Заявлять об «общности жен» в Платонополисе так же нелепо, как утверждать об «общности кур» в СССР. Цель автора – диффамация социализма во что бы то ни стало – очевидна для всякого читателя, но всякий раз ловить автора за руку становится утомительно.
После Платона в течении пятисот лет не было мыслителя, который бы продолжил его социальные идеи. Такие идеи появляются уже в новую эру. Вначале в различных христианских сектах, а потом в учениях катаров, анабаптистов и т.д.
Г. Матюшов «постеснялся» сообщить читателям, что социалистические идеи особенно ярко манифестировали в апостольский период христианства, когда повсеместно стали возникать первохристианские общины. Эти общины создавались именно под заботливым пастырством апостолов и в них культивировалась социалистическая (даже коммунистическая) форма организации хозяйства: «У множества же уверовавших было одно сердце и одна душа; и никто ничего из имения своего не называл своим, но все у них было общее» (Деян. 4:32).
Давайте прислушаемся, с каким восхищением и благоговением свт. Иоанн Златоуст толкует процитированные слова Священного Писания: «Когда апостолы начали сеять слово благочестия, тотчас обратились три тысячи, а потом пять тысяч человек, и у всех их было одно сердце и одна душа. А причиною такого согласия, скрепляющею любовь их и столько душ соединяющею в одно, было презрение богатства. И никто ничего из имения своего не называл своим, но всё у них было общее. Когда был исторгнут корень зол, – разумею сребролюбие, – то превзошли все блага и они тесно были соединены друг с другом, так как ничто не разделяло их. Это жесткое и произведшее бесчисленные войны во вселенной выражение: мое и твое, было изгнано из той святой церкви, и они жили на земле, как ангелы на небе: ни бедные не завидовали богатым, потому что не было богатых, ни богатые не презирали бедных, потому что не было бедных, но всё у них было общее; и никто ничего из имения своего не называл своим; не так было тогда, как бывает ныне. Ныне подают бедным имеющие собственность, а тогда было не так, но, отказавшись от обладания собственным богатством, положив его пред всеми и смешав с общим, даже и незаметны были те, которые прежде были богатыми, так что, если какая может рождаться гордость от презрения к богатству, то и она была совершенно уничтожена, так как во всем у них было равенство, и все богатства были смешаны вместе. И не отсюда только, но и из самого способа отдачи имущества можно видеть их благочестие».

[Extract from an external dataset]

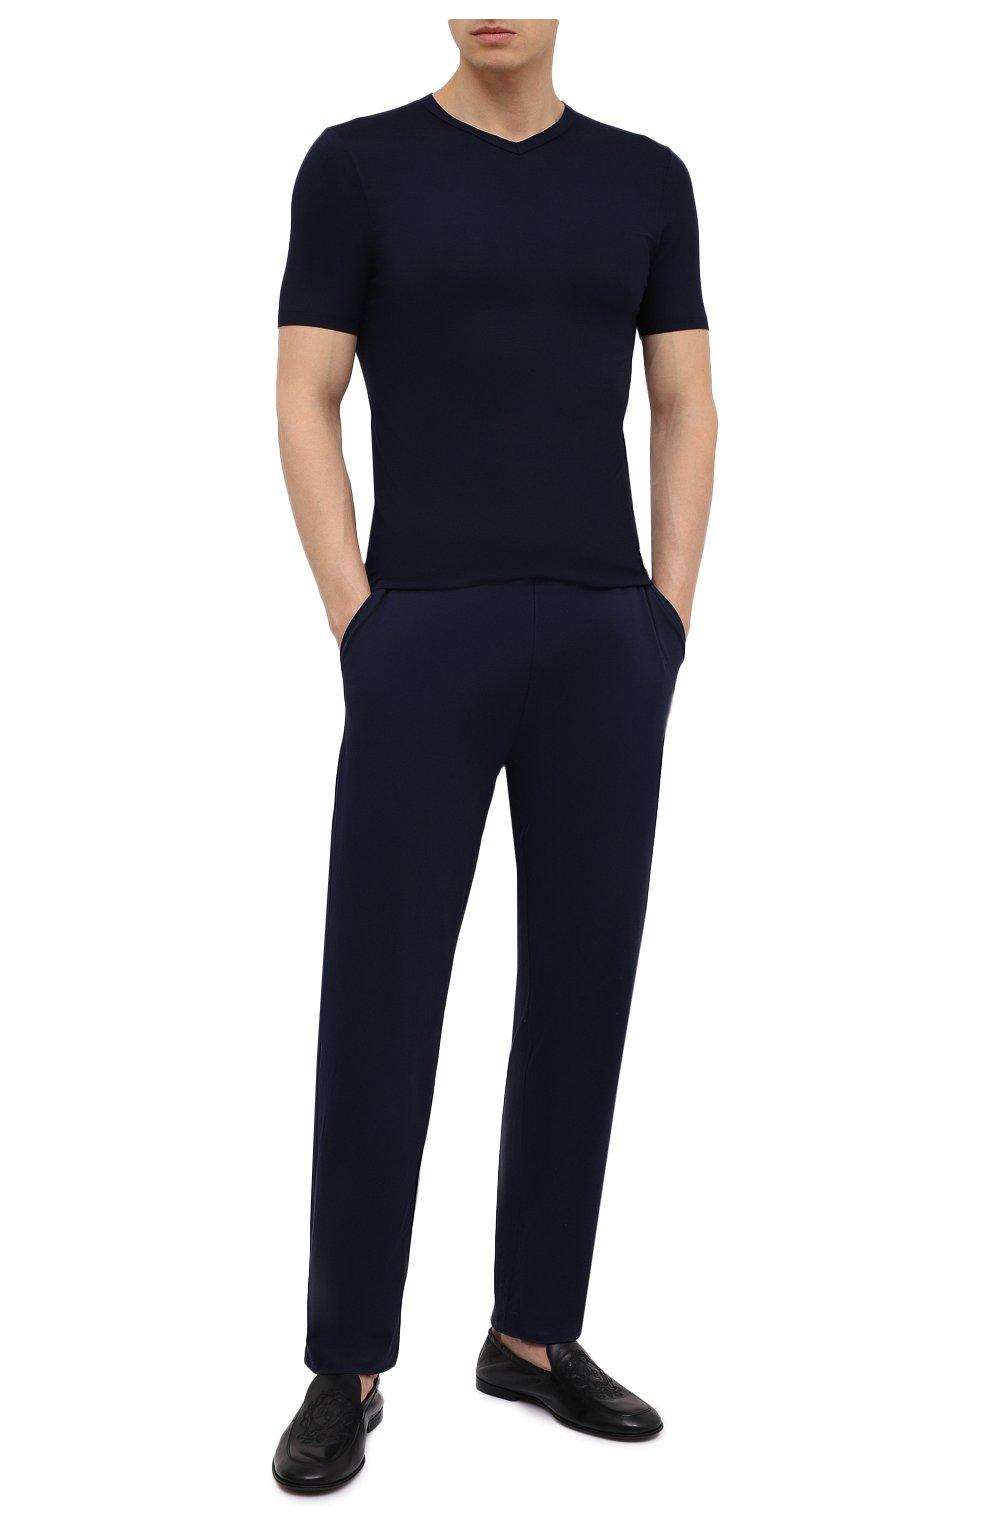 Мужская футболка ZIMMERLI темно-синего цвета, арт. 700-1346 | Фото 2 (Кросс-КТ: домашняя одежда; Рукава: Короткие; Материал внешний: Синтетический материал; Длина (для топов): Стандартные; Мужское Кросс-КТ: Футболка-белье)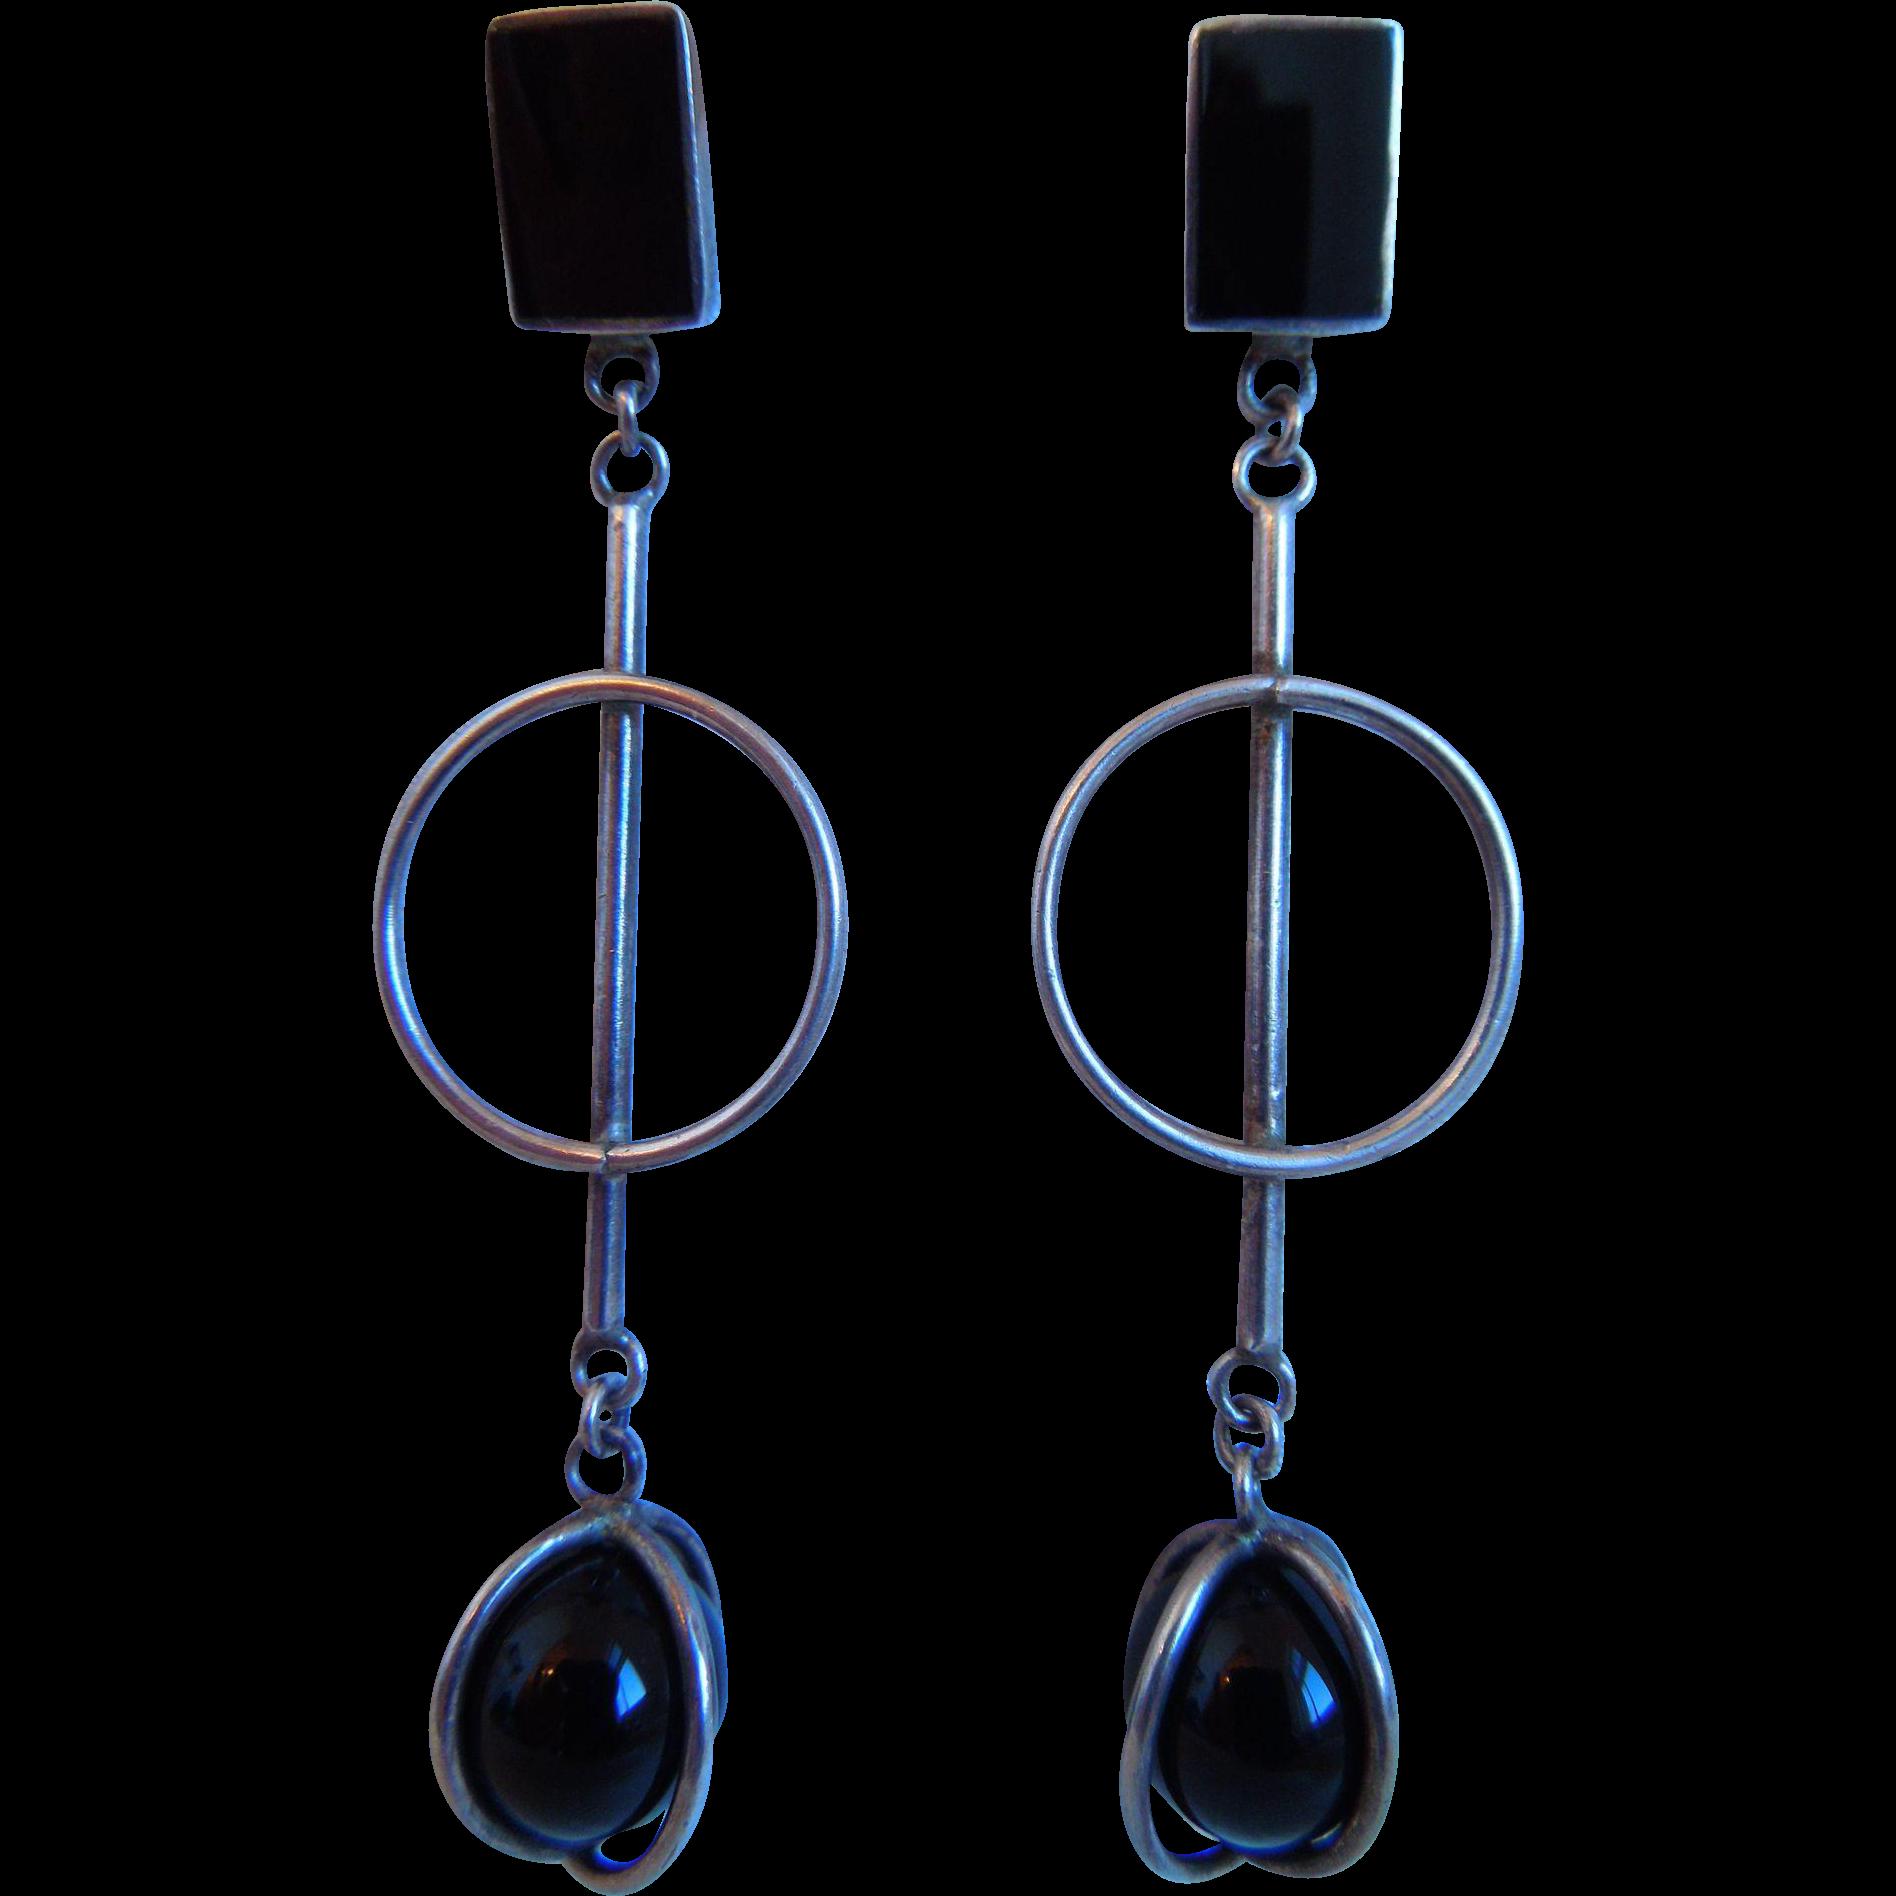 Vintage Long Sterling Silver And Black Onyx Modernist Pierced Earrings, 925

Златоуст скорбно констатирует «не так было тогда, как бывает ныне» – что это поистине ангельское братство было безвозвратно утрачено. Причины этой утраты Златоуст разоблачает в главном – в сребролюбии. Первохристиане не сумели найти противоядия к «корню всех зол». Сейчас же мало кто ищет противоядие – настолько повсеместно утвердилось убеждение, что сребролюбие не яд, а панацея.
Но для нас, православных, опыт первохристианских общин бесценен. Этот опыт устами Златоуста утверждает, что христианское общество должно и может быть построено на вполне определенных, социалистических принципах: «Когда был исторгнут корень зол, – разумею сребролюбие, – то превзошли все блага и они тесно были соединены друг с другом, так как ничто не разделяло их».
Концепцией православного социализма мы провозглашаем возрождение апостольского общежительного идеала, отвержение мамоны и обращение к Богу не только в сердце, но и в самом образе жизни (что представляется чрезвычайно трудным шагом). Мы вслед за о. Сергием Булгаковым называем будущий уклад «социализмом» и не видим веских причин отказываться от термина.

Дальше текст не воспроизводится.